International Conference on 3D Vision (3DV), 2021.

PDF Code Dataset Benchmark Youtube


E-RAFT Overview

The approach builds on the idea of combining feature matching and black-box feature extraction with a CNN for optical flow prediction for event cameras:
  • We build two event representations from a sequence of events
  • The network extracts correlation features from both representations
  • At the same time, the second representation is directly fed through a CNN to an update network (GRU unit)
  • The network iteratively matches correlation features and updates the optical flow prediction
Finally, we show that using differentiable forward warping of optical flow to improve the performance.
For more details, please consult the paper.

Results


Frames are for visualization purposes only, they are not used by the methods.

DSEC-Flow Dataset

We extend the DSEC dataset with high-quality optical flow ground truth maps. DSEC-Flow contains:
  • high-quality, accurately aligned data
  • approximately 10k optical flow maps
  • at VGA resolution in 24 sequences
  • at day and night with challenging HDR scenes
  • optical displacement magnitudes well beyond prior art (MVSEC)
Download the dataset here!

Automatic Evaluation

Our evaluation is automated and anyone can submit their own predictions to the public benchmark.

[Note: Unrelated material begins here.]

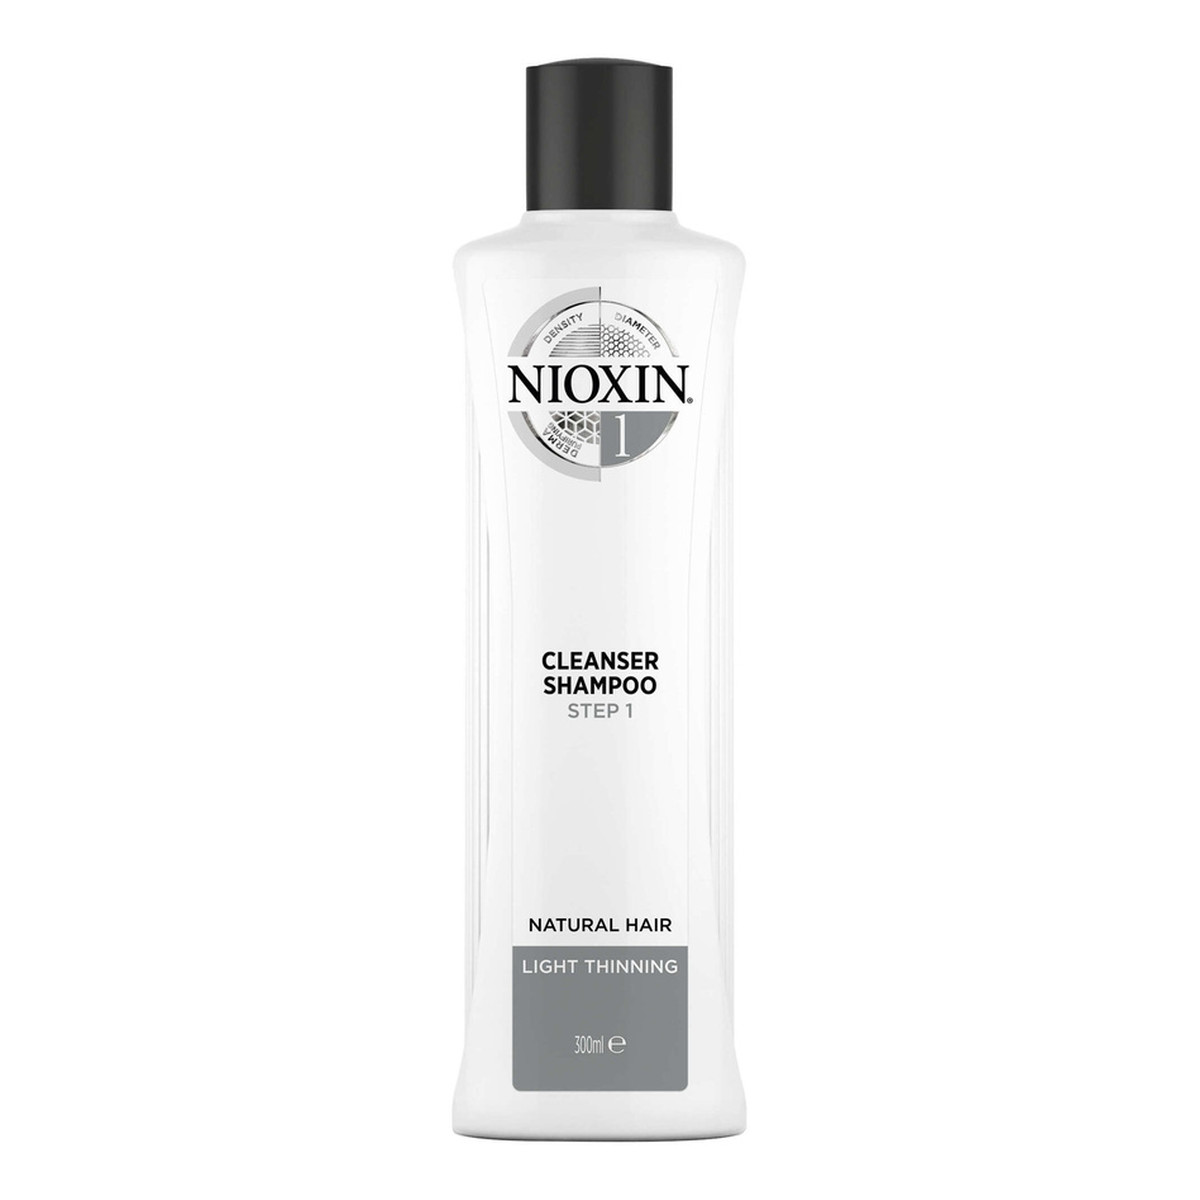 Nioxin System 1 cleanser shampoo oczyszczający szampon do włosów normalnych lekko przerzedzonych 300ml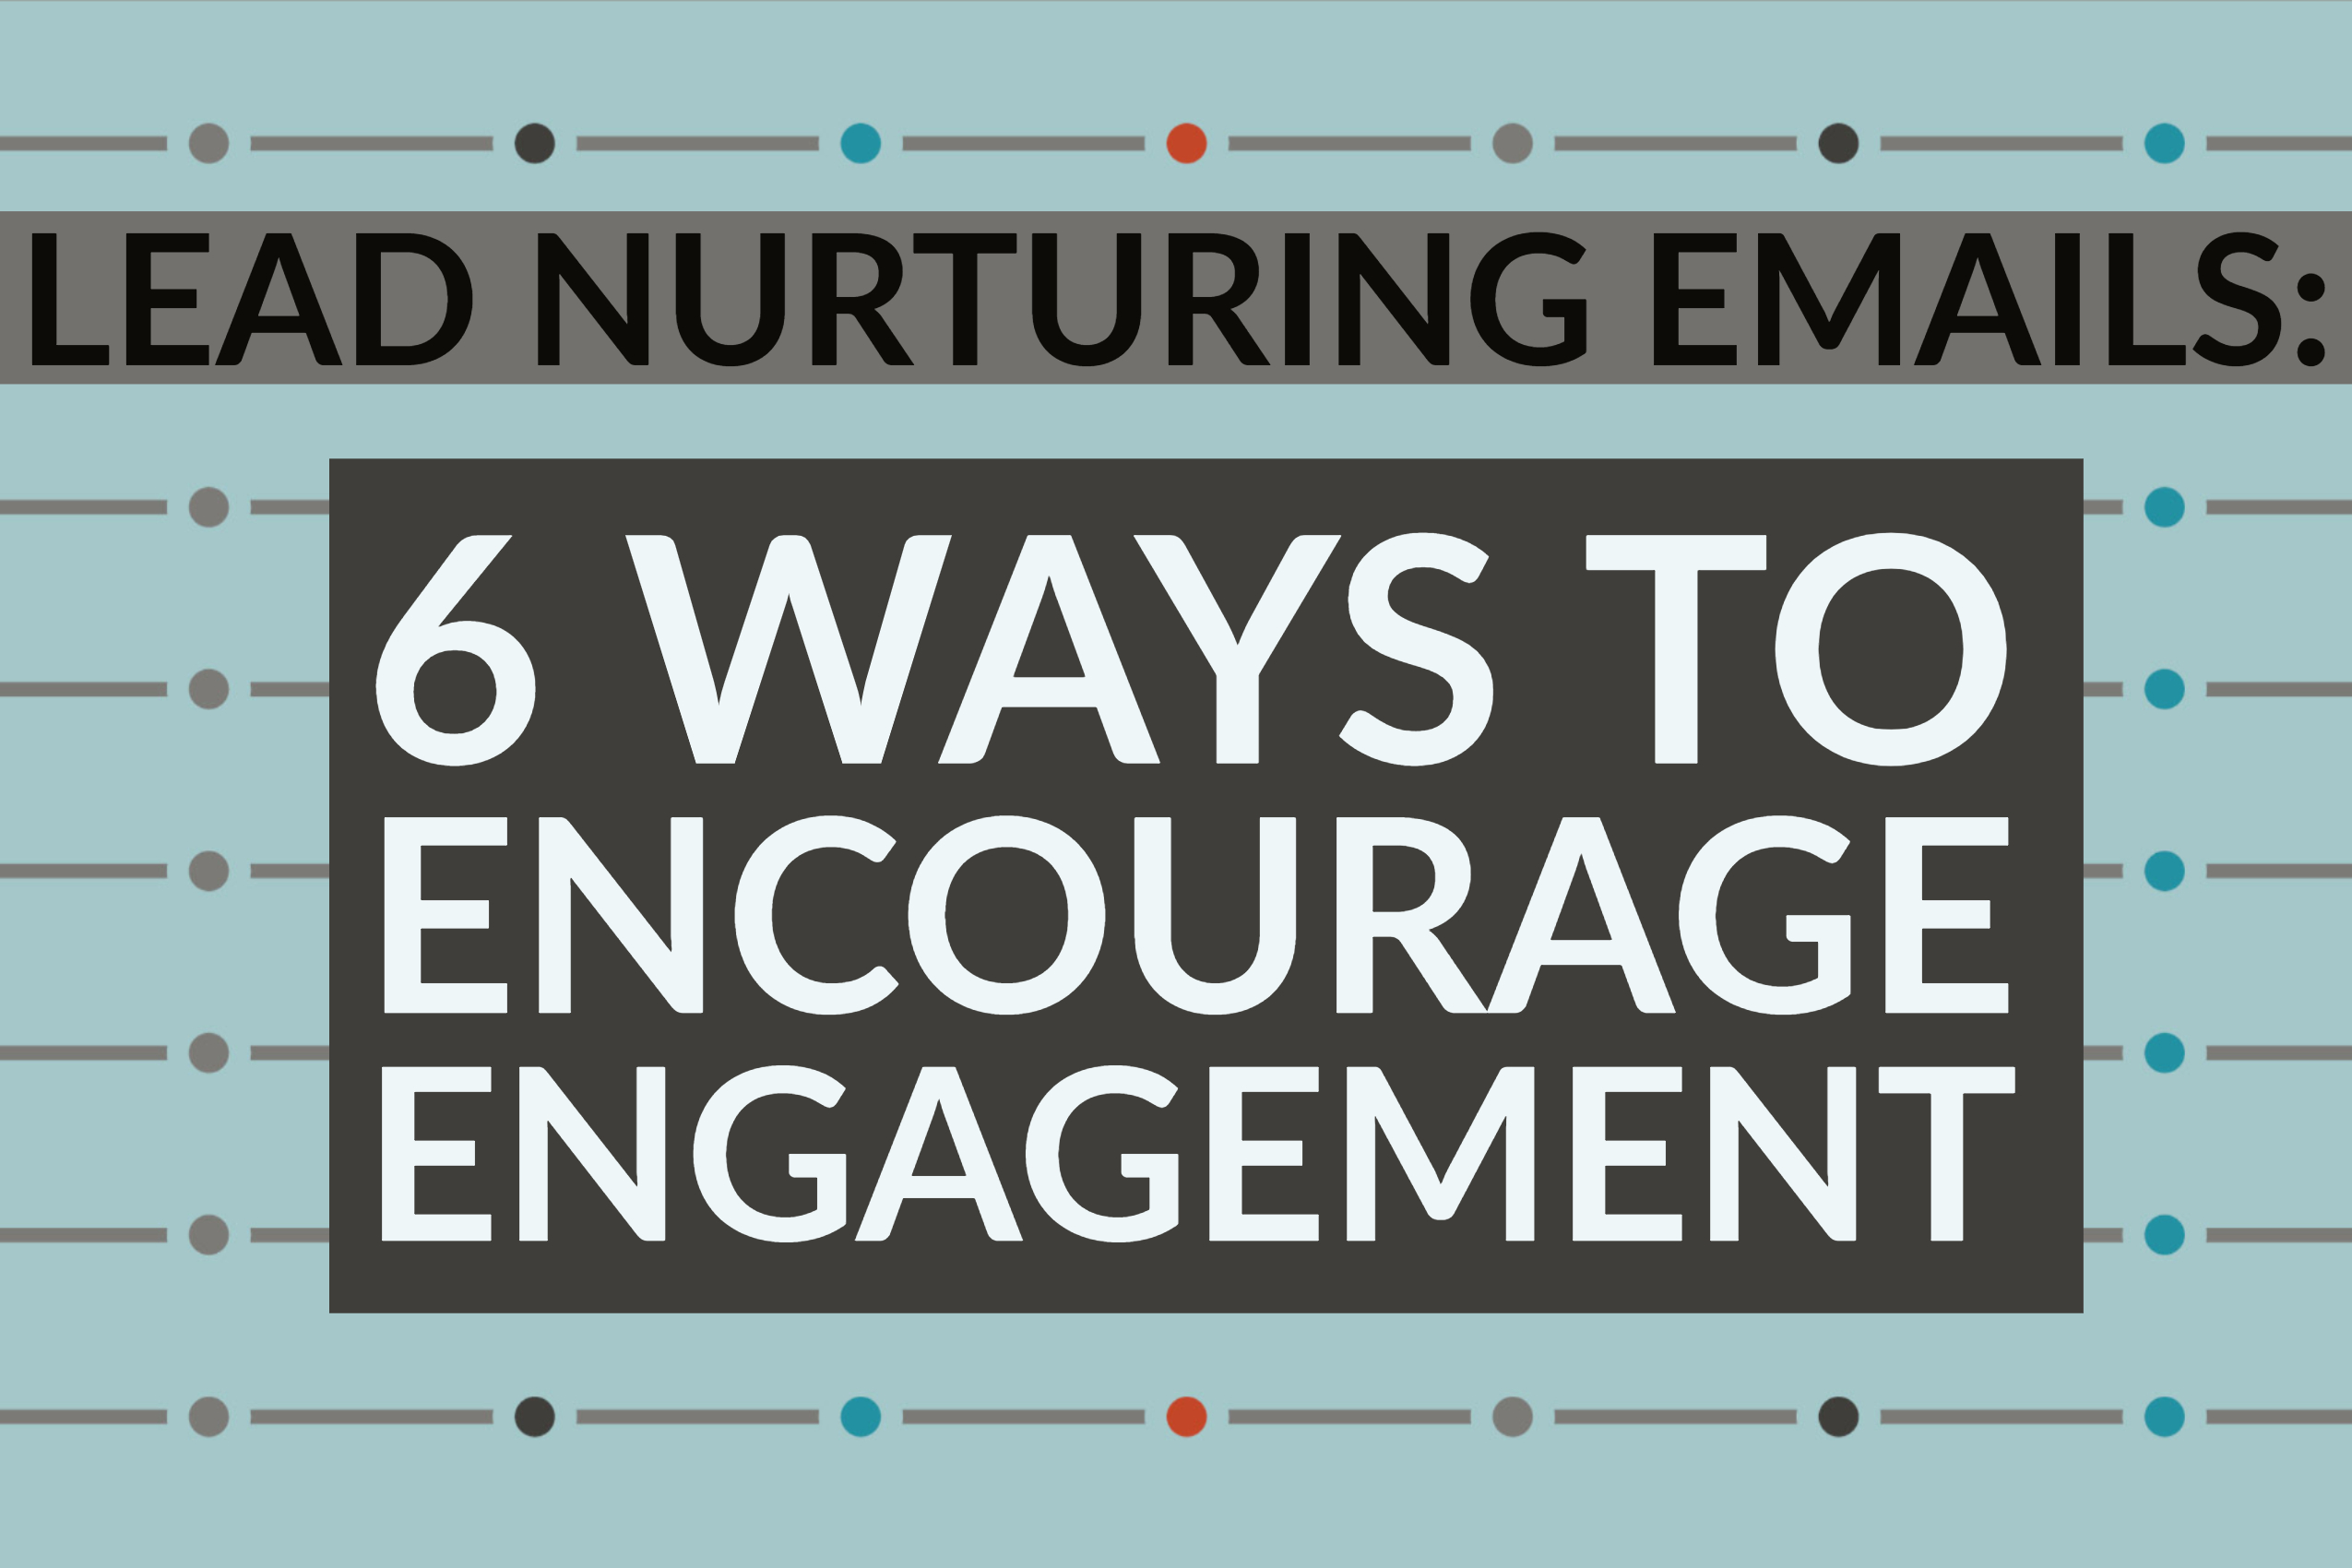 Lead Nurturing Emails: 6 Ways To Encourage Engagement

The main metric used for the ranking is the end-point-error (EPE) of the optical flow on the test set of DSEC-Flow.
We also provide the following error metrics:
  • NPE: 1-pixel-error, the percentage of ground truth pixels with optical flow magnitude error larger than N. N is either 1, 2 or 3.
  • EPE: Endpoint error. The average of the L2-Norm of the optical flow error.
  • AE: Angular error.
A detailed explanation of EPE and AE can be found in "A Database and Evaluation Methodology for Optical Flow".